- Возможно, ты права, - мне вдруг расхотелось продолжать этот разговор. - Впрочем, все это вздор, - сказала я. - По крайней мере, тебя он радует?
- Конечно! Он такой… необычный!
В его талантах и уменье я убеждаюсь ежедневно. Во всяком случае, за последнюю неделю слишком часто. Я решила свернуть разговор, потому что Ритин восторг по поводу травмированного футболиста-ныне-строителя начал раздражать, и мне хотелось дать выход этому раздражению, но я не могла себе этого позволить.
- Хорошо, Рита… давай закажем десерт, - сыграла я отступление.
Я подвезла Риту - она снимала квартиру в спальном районе - и отправилась домой. Поставив машину на стоянку, я шла по вечерней улице. Над миром стоял полный штиль, дым от тянущейся в небеса трубы котельной поднимался строго вверх, исчезая в темно-синей бездне, по которой в известном лишь создателю порядке рассыпались блестящие точки звезд. Я пыталась думать о красоте небес и чудесной погоде, но мысли, словно под действием неведомого магнита, возвращались к "необычному, интересному и чувствительному" человеку.
Во вторник дела вновь привели меня на Восточную: жильцы соседних домов направили в районную администрацию очередную гневную петицию по поводу шума, который производила наша техника, работающая по ночам. Отдуваться снова пришлось мне, потому что зам Суриков умудрился сломать ногу и теперь лежал загипсованный дома, а главный инженер по уши увяз в согласованиях по проекту строительства моста. Первым моим порывом было отправить туда кого-нибудь из инженеров, например, ту же Риту, но в конце концов я решила прокатиться до Восточной сама, чтобы быть в курсе событий, поскольку предыдущая петиция по поводу начала этого строительства стоила нам некоторых моральных усилий и неких материальных затрат. Этот торговый центр уже становился камнем преткновения, постоянно создающим проблемы.

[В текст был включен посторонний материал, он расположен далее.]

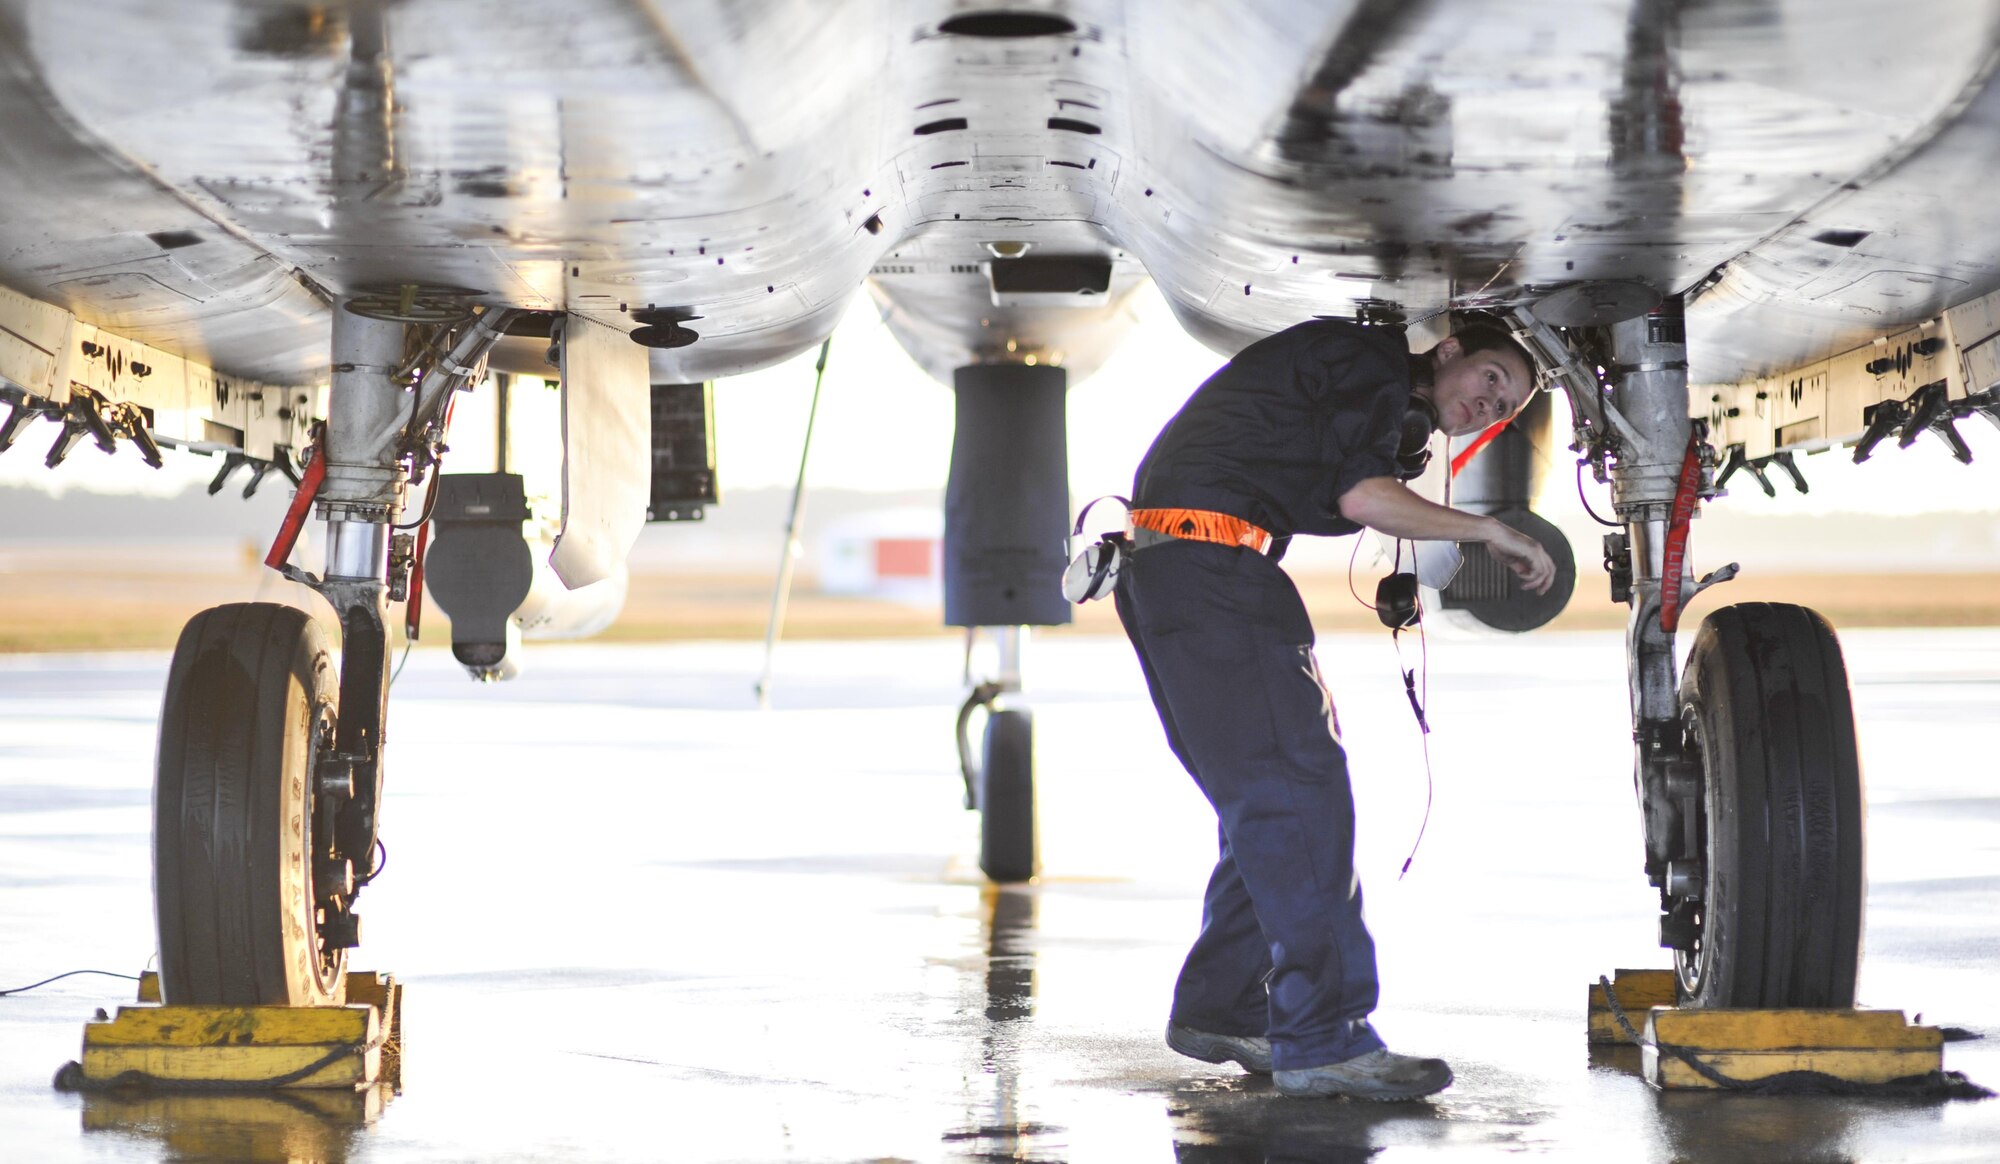 U.S. Air Force Airman 1st Class Morgan Cisna, an F-15E Strike Eagle crew chief with the 391st Aircraft Maintenance Squadron, Mountain Home Air Force Base, Idaho, inspects the underside of an F-15E before takeoff at Tyndall AFB, Fla., Dec. 5, 2016. The F-15Es are taking part in Checkered Flag 17-1, a large scale total force integration exercise that gives legacy and fifth-generation aircraft a chance to train together in a simulated deployed environment. (U.S. Air Force photo by Senior Airman Dustin Mullen/Released)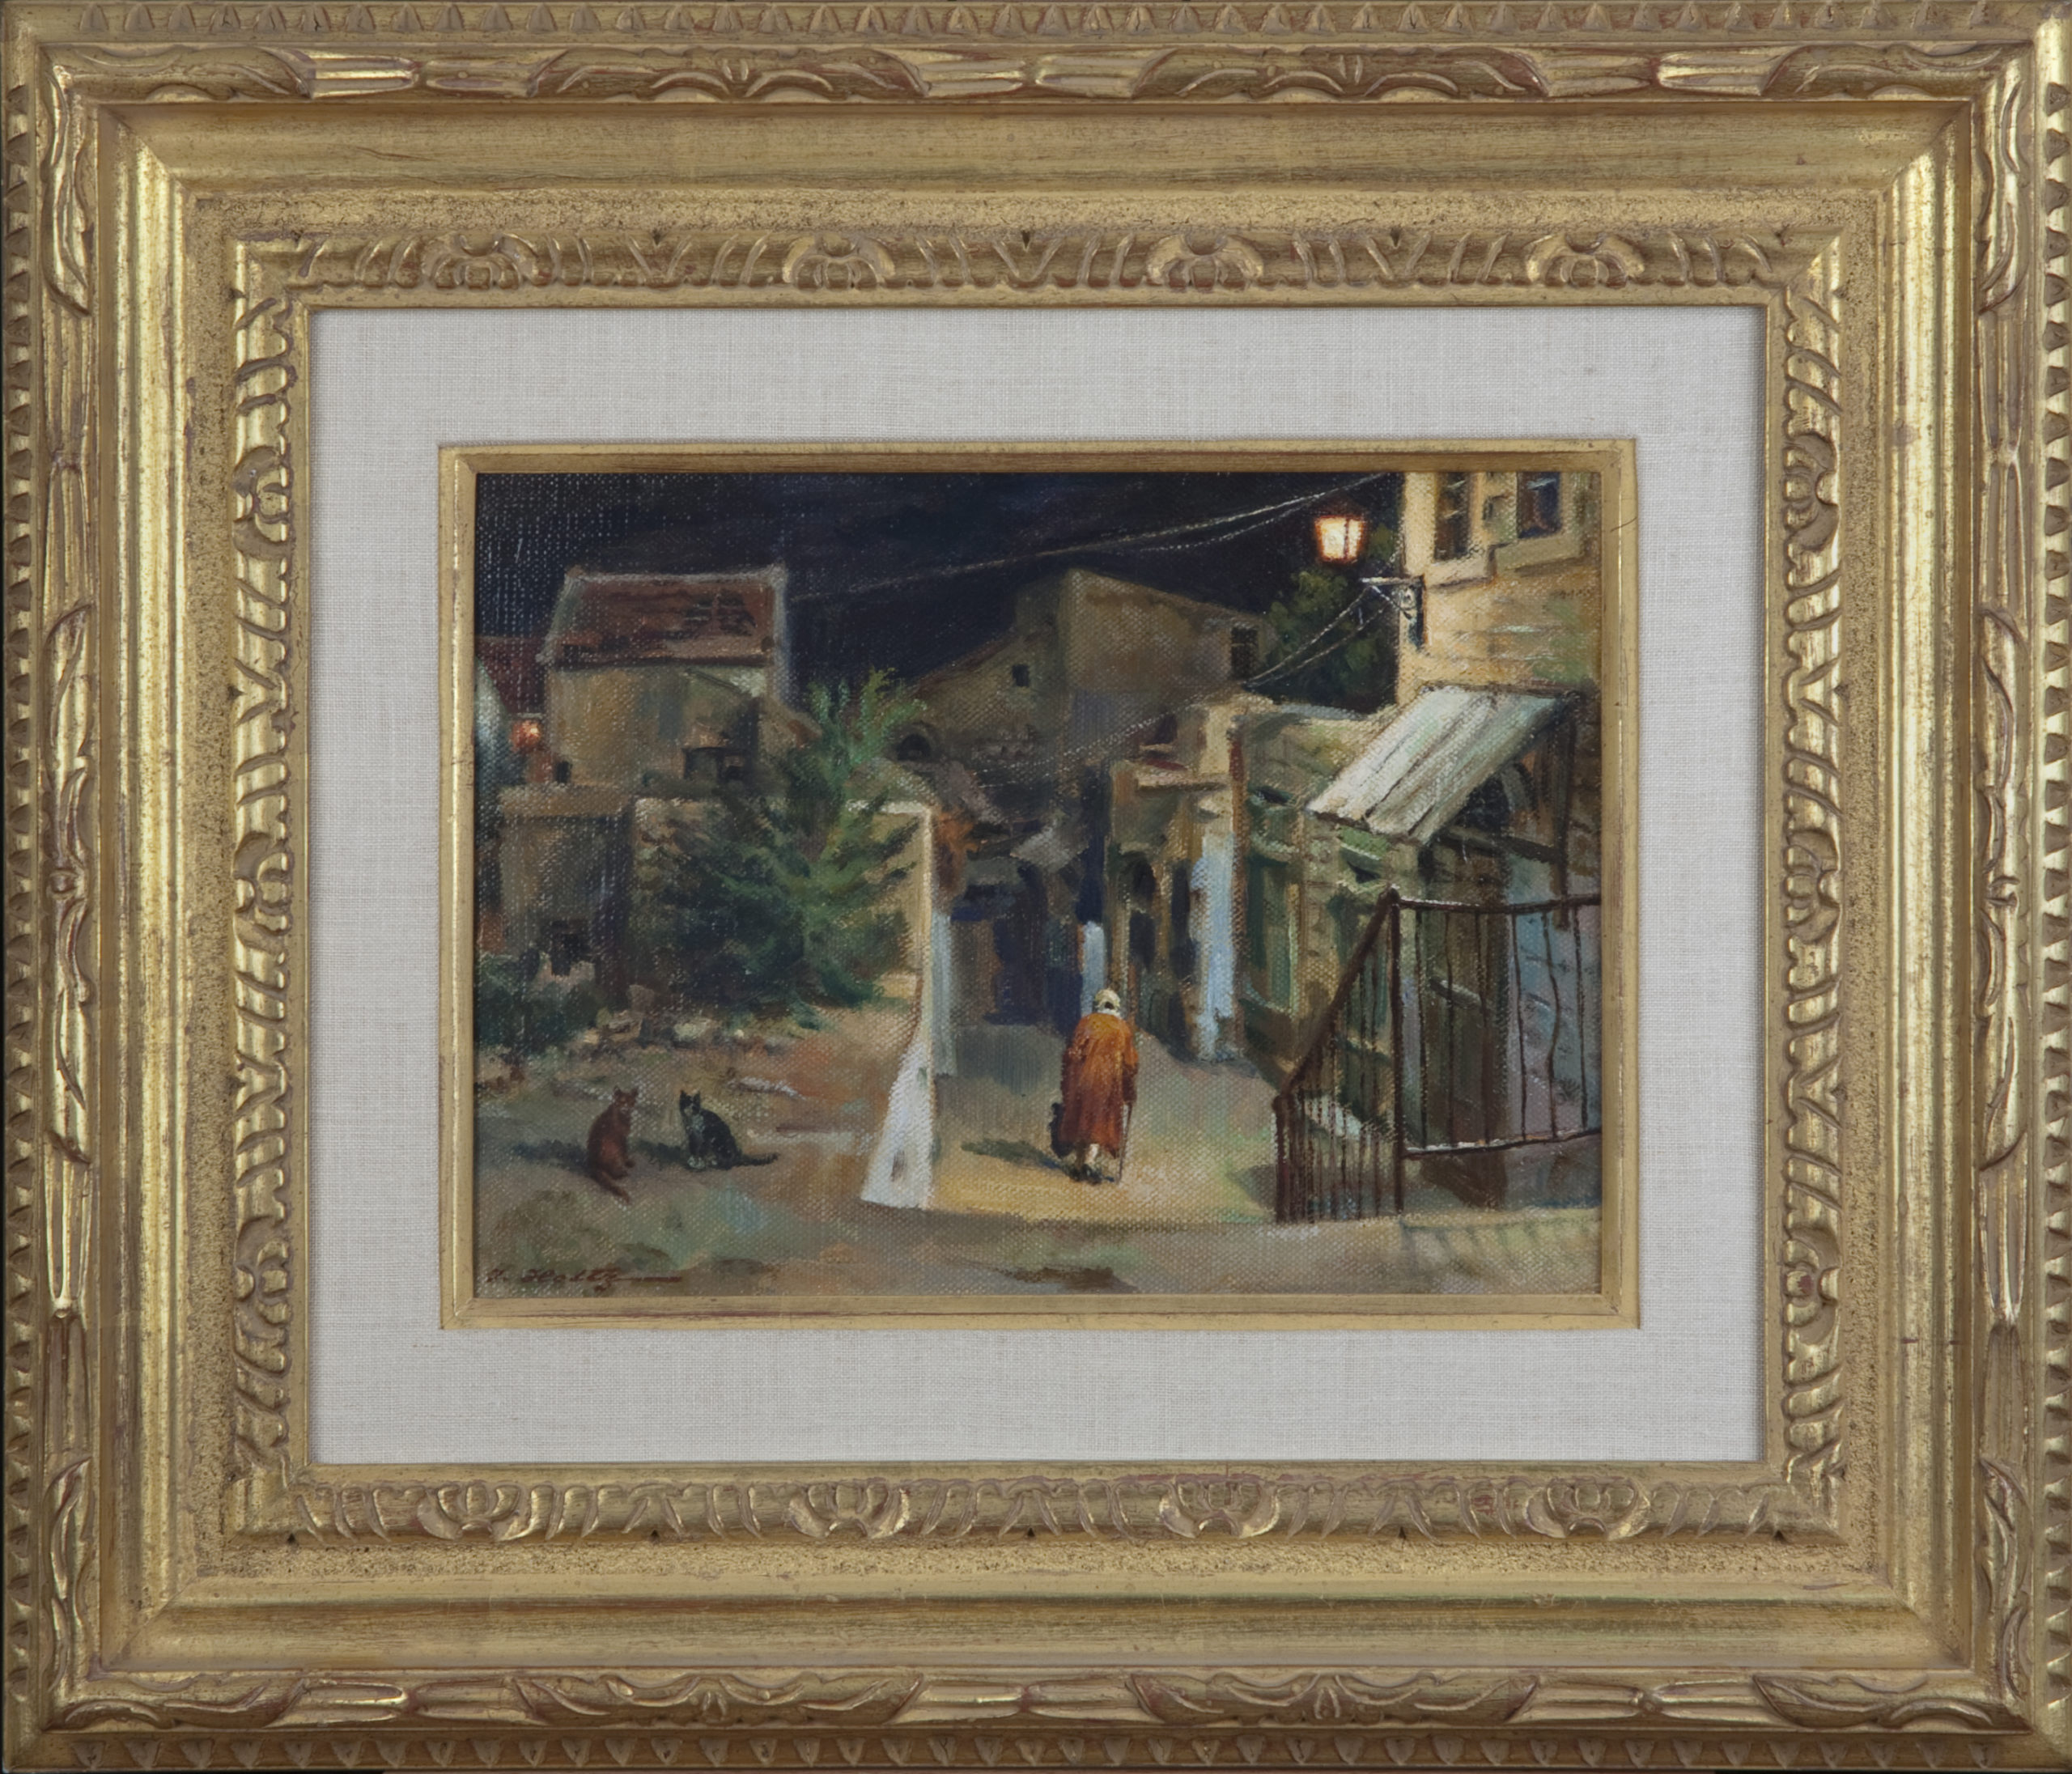 044 Night in Safed 1977 - Oil on Canvas - 12 x 9 - Frame: 21.5 x 18.5 x 2.5

Едва выбравшись из машины, я вновь попала под объектив телекамеры. Еще немного, стану телезвездой и смогу претендовать на приз "Не фиг" являться не вовремя и не туда, куда нужно. Я кивнула репортерше, как старой знакомой, и вступила в переговоры. Седовласый представитель общественности для начала окинул меня неодобрительным взглядом с ног до головы. Объясняться пришлось долго. Я выслушала возмущенные сентенции о неуважении к покою мирных граждан, о прекрасном прошлом и невыносимом настоящем и о том, что мир чистогана на корню уничтожает все доброе и светлое. Значительно поистратив запас своей дипломатичности, я все-таки протолкнула предложение пойти на компромисс: жильцы терпят нашу какофонию, а мы, насколько возможно, постараемся перенести особо шумные работы на дневное время, в скобках: "Хотя бы на несколько дней, а там видно будет". Переговоры удалось закончить мирно и без кровопролития. Я сказала несколько слов в уродливо-огромный микрофон, обсудила с прорабом насущные вопросы и отправилась обозревать строительную площадку, на которой виновница противостояния - сваезабивочная установка - оглашала окрестности гулкими звуками ритмичных ударов. Спорить с тем, что деятельность этого агрегата способна лишить сна, было действительно трудно. Но обеспокоило меня другое - через минуту другую пришлось признаться самой себе, что пытаюсь среди фигур двигающихся по стройплощадке рабочих разглядеть одну - лудовинскую.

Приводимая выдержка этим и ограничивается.